7th Circuit Finds No Coverage Owed For BIPA Claim

            In Citizens Insurance Co. of America v. Mullins Food Products, Inc., No. 24-1524, 2025 U.S. App. LEXIS 10682 (7th Cir. May 2, 2025), the Seventh Circuit Court of Appeals vacated the United States District Court for the Northern District of Illinois’s decision, holding that the Access or Disclosure Exclusion unambiguously bars coverage for claims arising from violations of the Illinois Biometric Information Privacy Act (“BIPA”), while the Statutory Violations Exclusion does not. In the underlying case, a former Mullins employee sued for violations of BIPA, alleging Mullins scanned its employees’ fingerprints and in turn disseminated the biometric data obtained to third-party vendors without informing its employees or obtaining consent to disseminate such data (the “Galan Lawsuit”). The District Court held that both exclusions within the Citizens policies applied to bar coverage, and Mullins appealed following the Seventh Circuit’s decision in Thermoflex Waukegan, LLC v. Mitsui Sumitomo Ins.

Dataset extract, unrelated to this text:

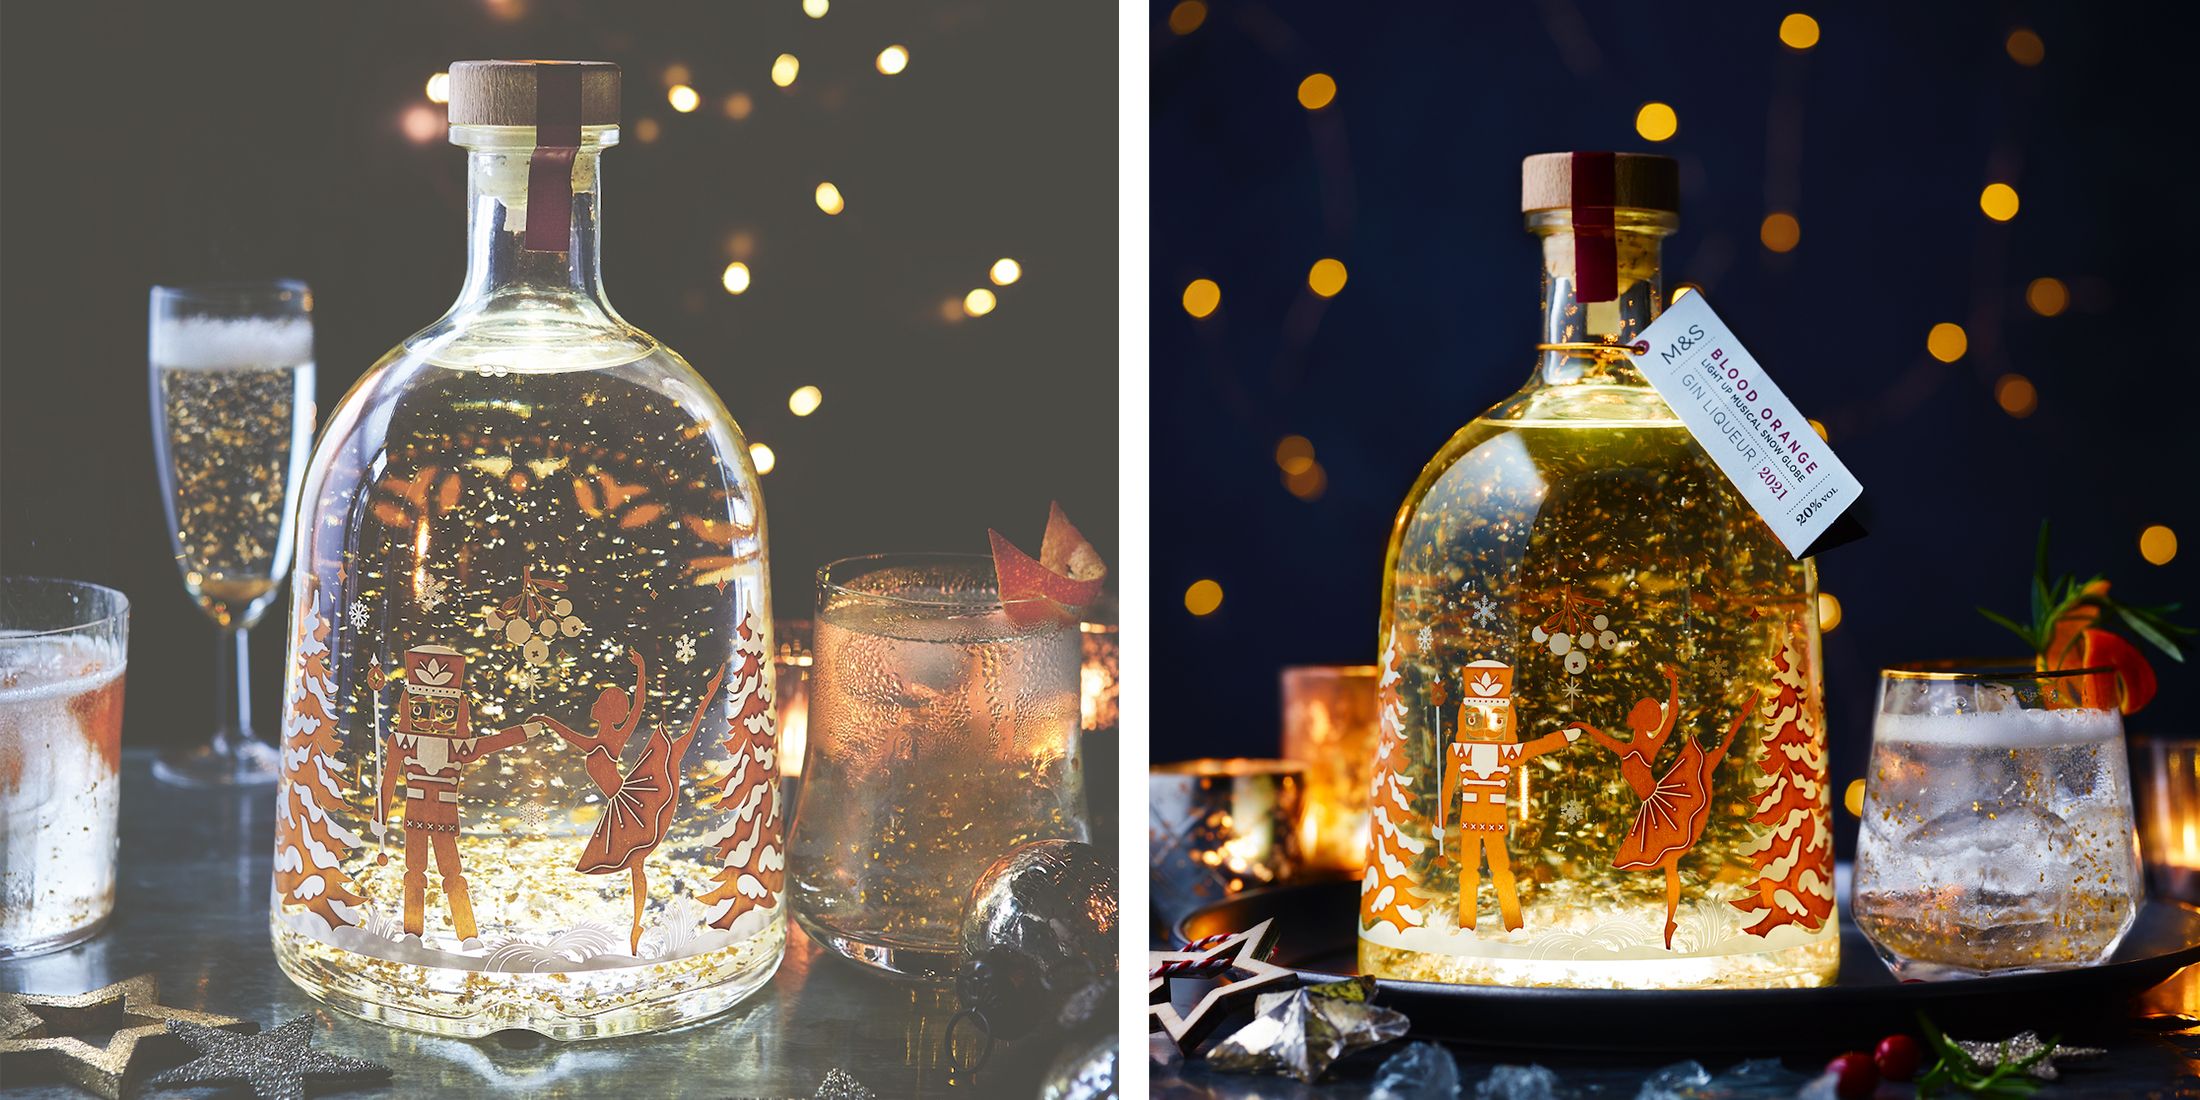 M&S is selling 1.5L magnums of sellout Light Up Snow Globe Gin Liqueur

USA, Inc., 102 F.4th 438, (7th Cir. 2024).

            The Seventh Circuit first addressed the Access or Disclosure Exclusion found within the 2016 and 2017 Citizen policies, which precluded coverage for any claim "arising out of any access to or disclosure of any person's or organization's confidential or personal information." The list of information qualifying as confidential or personal included, in relevant part, “any other type of nonpublic information." The Seventh Circuit found that this exclusion was straightforward and explicit, and the ordinary understanding of an individual's "confidential or personal information" plainly includes their biometric identifiers. Thus, the Court held that the exclusion precludes coverage for BIPA claims, and Citizens did not owe Mullins a duty to defend or indemnify under the 2016 and 2017 policies.

            Because the 2015 Citizens policy did not include the Access or Disclosure Exclusion, the Seventh Circuit next analyzed whether the Statutory Violations Exclusion found within the 2015 Citizens policy applied to preclude coverage. In this exclusion, violations of the TCPA, the CAN-SPAM Act of 2003, and the FCRA are expressly excluded from coverage. The exclusion also ends with a broad catchall that purports to exclude coverage for violations of "[a]ny federal, state or local statute, ordinance or regulation, other than the [three federal statutes listed] that addresses, prohibits, or limits the printing, dissemination, disposal, collecting, recording, sending, transmitting, communicating or distribution of material or information.” The Seventh Circuit, applying Thermoflex, determined that the court must look at the statutes expressly identified immediately preceding the catchall to properly understand the scope of the catchall. The Court found that the TCPA, CAN-SPAM Act, and the FRCA are patently different in kind from BIPA such that the catchall provision does not include BIPA violations. Therefore, the Seventh Circuit held that, assuming there was timely notice, Citizens owed Mullins a duty to defend the Galan Lawsuit and indemnify Mullins insofar as the suit implicated the 2015 Citizens policy.

            The Seventh Circuit further vacated the entry of summary judgment against Mullins on their breach of contract counterclaim. Thus, if the notice issue is resolved in Mullins’ favor, confirming Citizens owed Mullins a duty to defend the Galan Lawsuit under the 2015 Citizens policy, and Citizens will be liable for the costs and fees Mullins incurred in defending itself in Galan. However, the Court clarified that estoppel is off the table.